There are two ways for a case to get to court: In one way, the prosecution and police investigate a case, file a complaint or request an indictment when they have enough evidence, and ask a court to issue arrest warrants. The police then go out and make arrests based on those warrants.
The other way is for the police to react to a report of a crime, make an arrest, and then submit their reports to the prosecutor. The prosecutor makes a decision on what crimes to charge (if any) based on the evidence that is indicated by the police reports and file a complaint.
Another question I hear all the time is “How many cases have you won?” When I ask further about what the potential client really wants to know, the potential client usually is interested in knowing how many “not guilty” verdicts have I won in cases like his or hers.
In my opinion, this is not the right question to ask. If a client of mine has to go to trial, that means that all forms of negotiation have broken down; the client has committed to a higher fee to try the case; and the client has decided to “roll the dice” before a jury. Placing my client’s liberty at stake in a trial is the last resort to a successful outcome of a case. Trials can be time-consuming, stress-producing and expen$ive.
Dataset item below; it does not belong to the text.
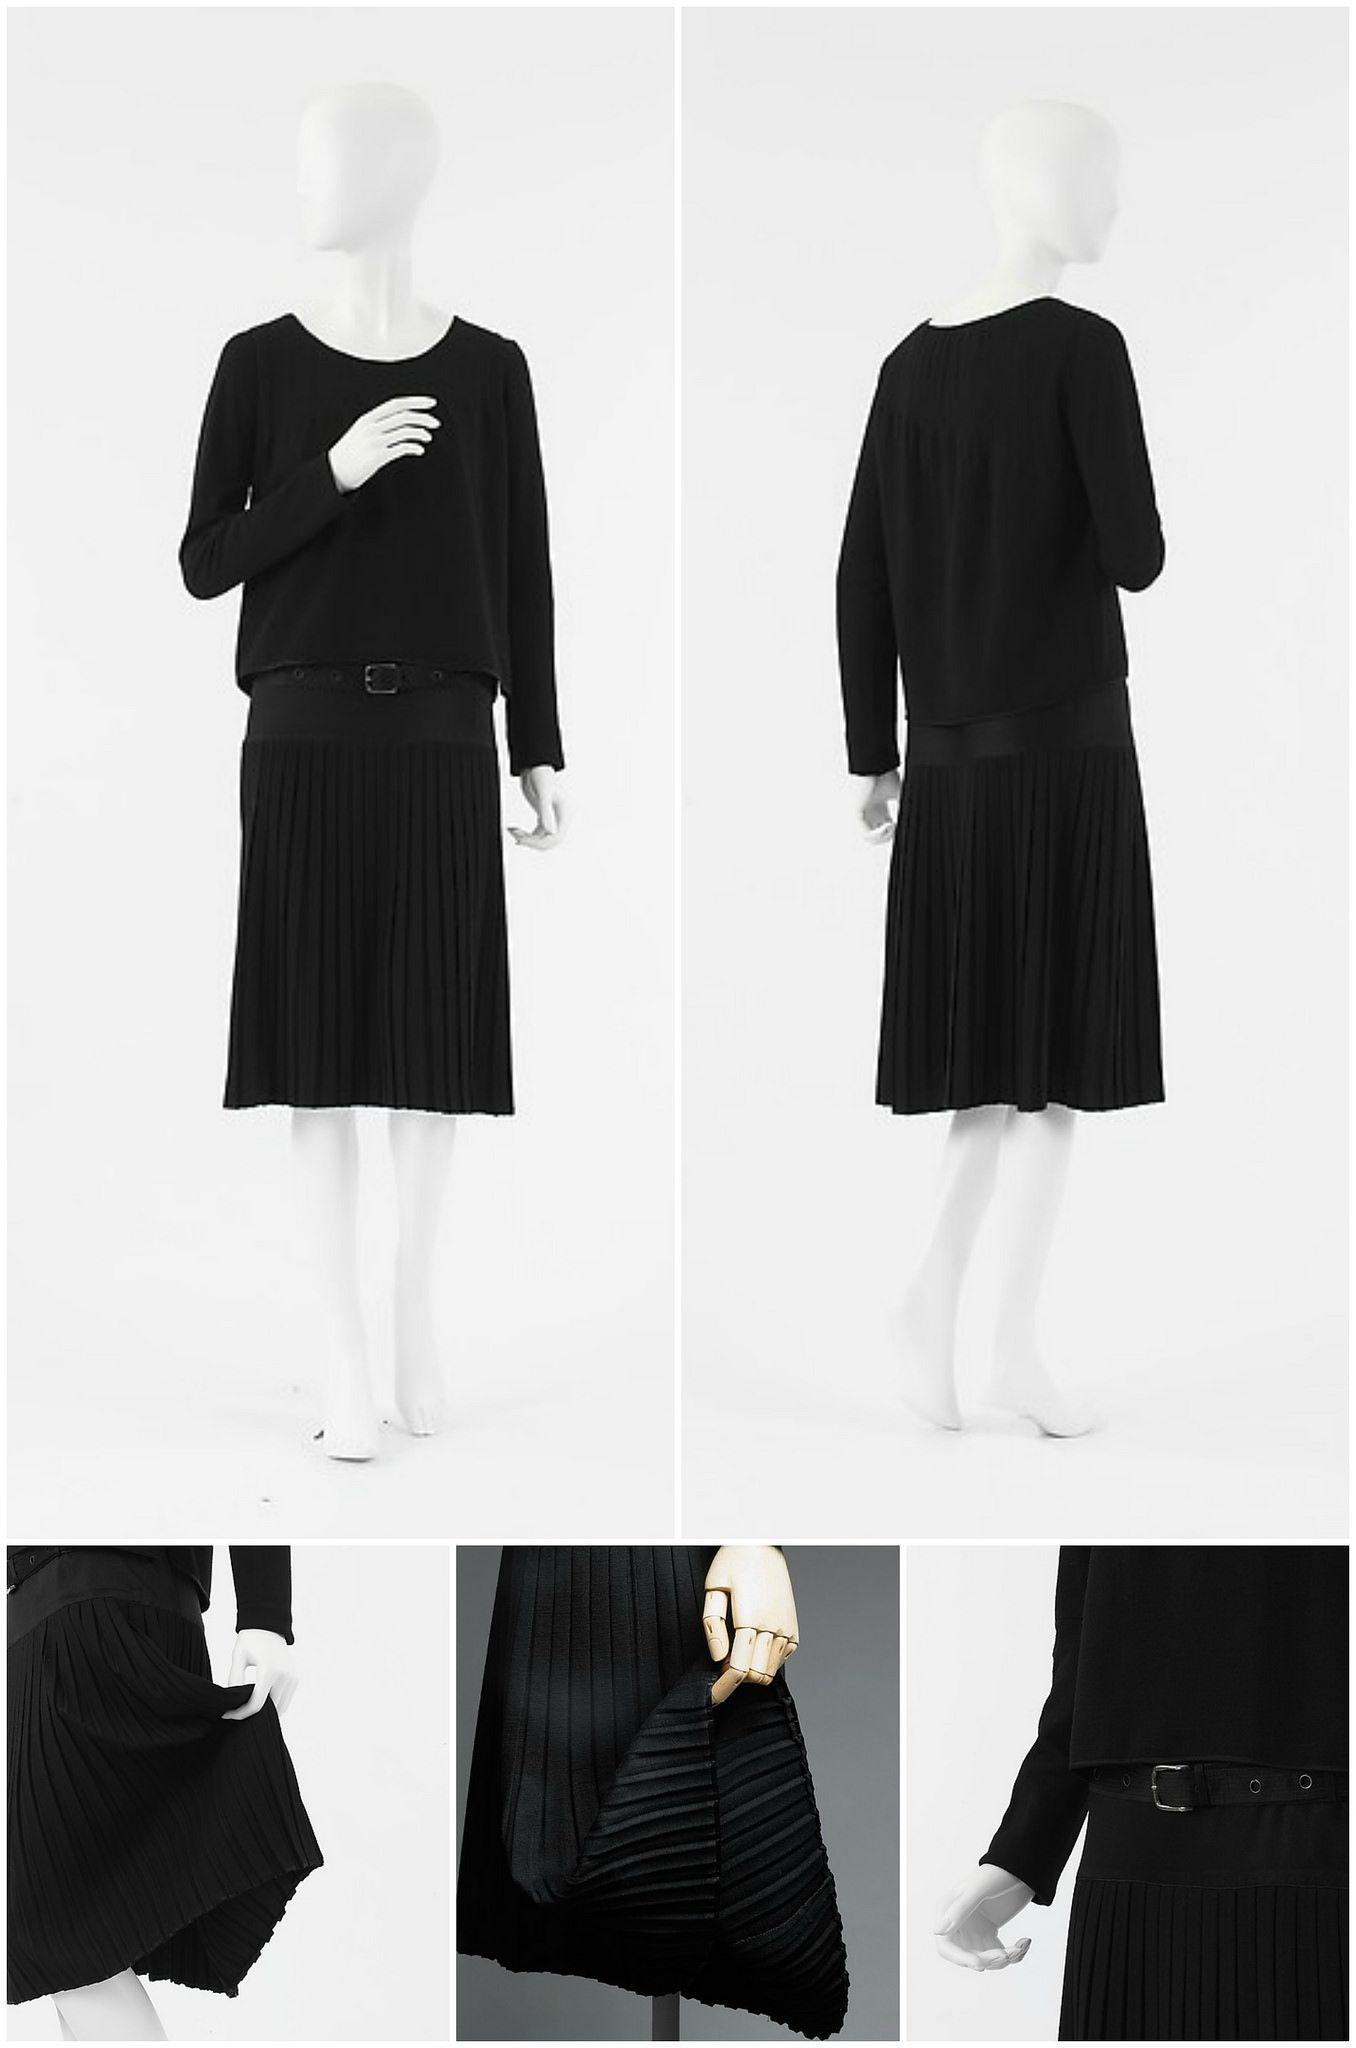 1926 Chanel Little Black Dress Metmuseum
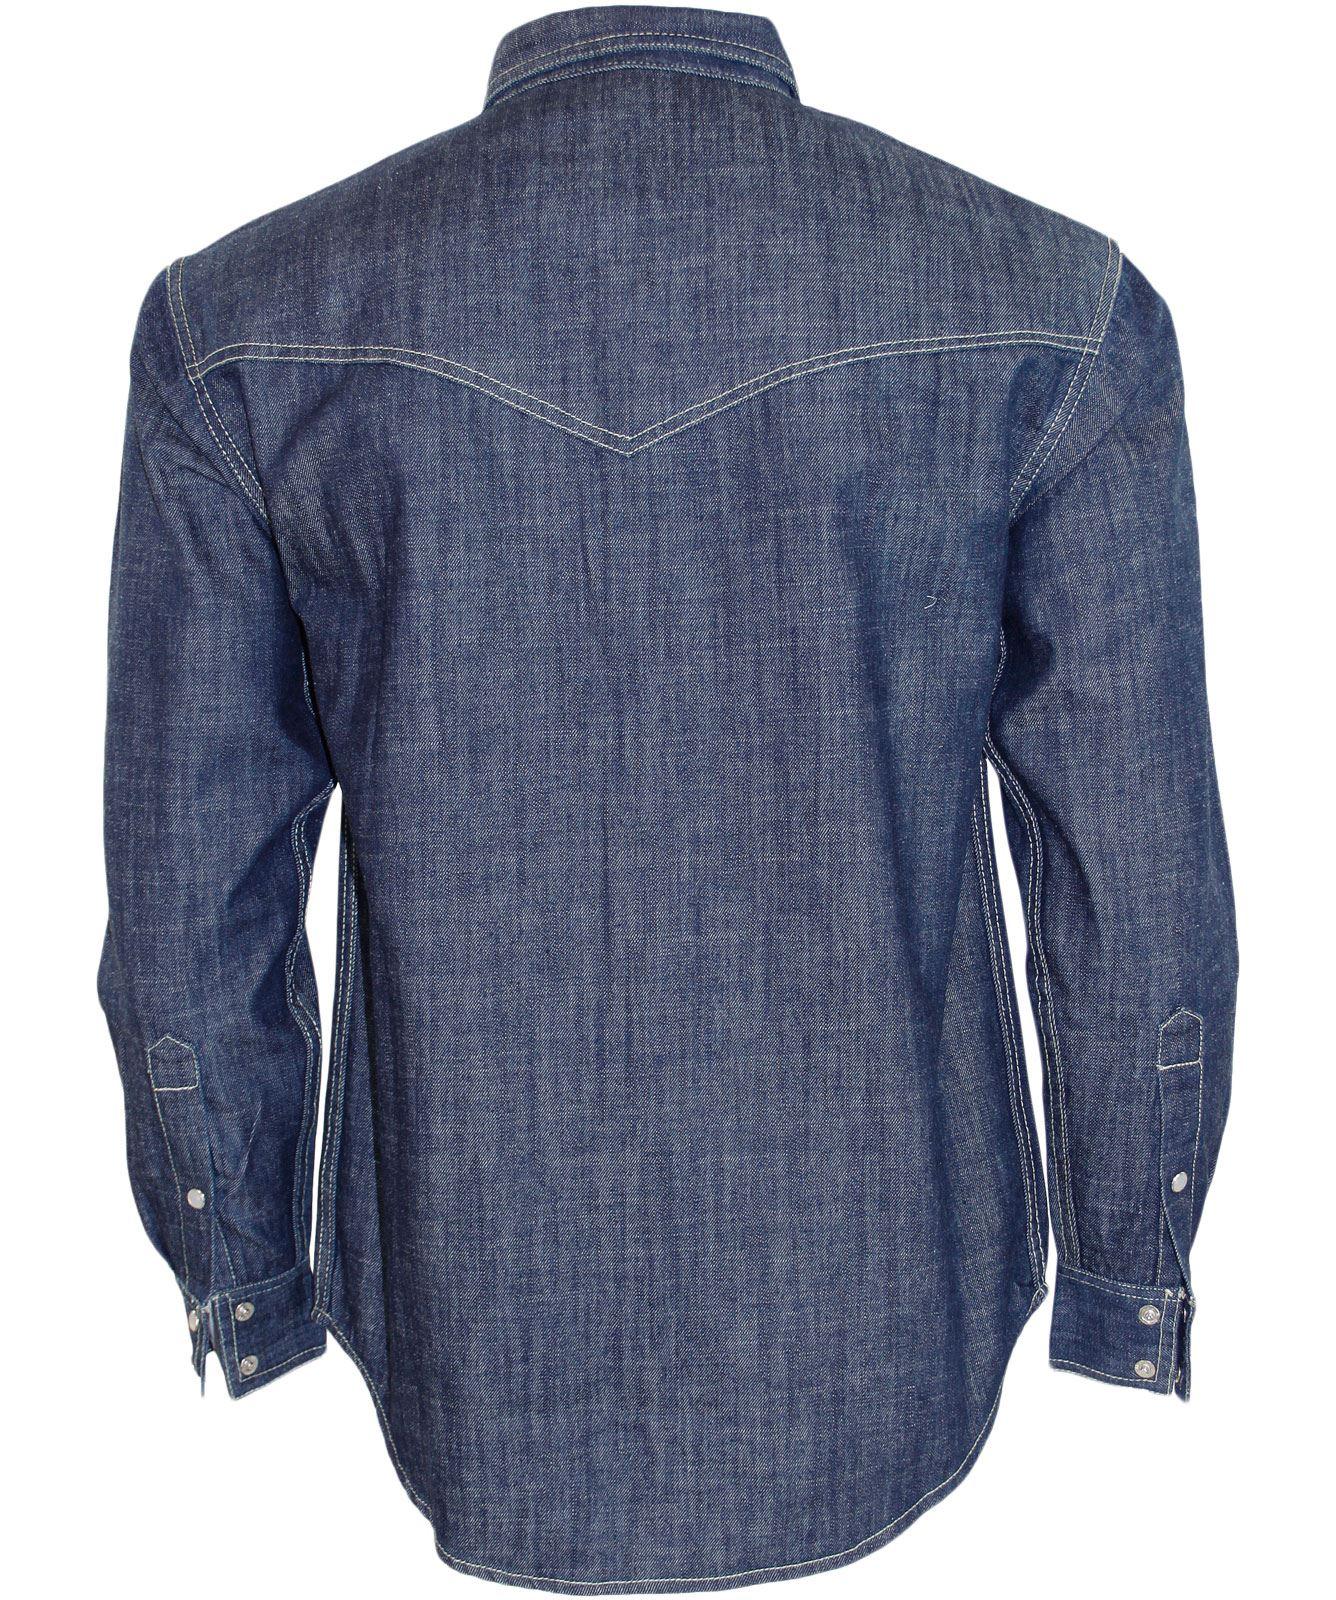 Best Men Denim Shirt Double Chest Pocket Long Sleeve Collar Cotton

Instead, I think that a potential client would be more interested in knowing how many and what kinds of results I have received for my clients? What are typical results? What would the lawyer consider to be a good result based on the many variable factors (some are known and some may be unknown)? Has the lawyer ever received the desired result for a previous client? How realistic is the desired result?
Positive results can range from reduced charges or sentences to full dismissal. All cases are different.
Again, choosing a lawyer is a very important matter and can affect the rest of your life. Be sure to find someone who is knowledgeable, thorough and and can communicate well with the client – as the client you deserve to know what to expect.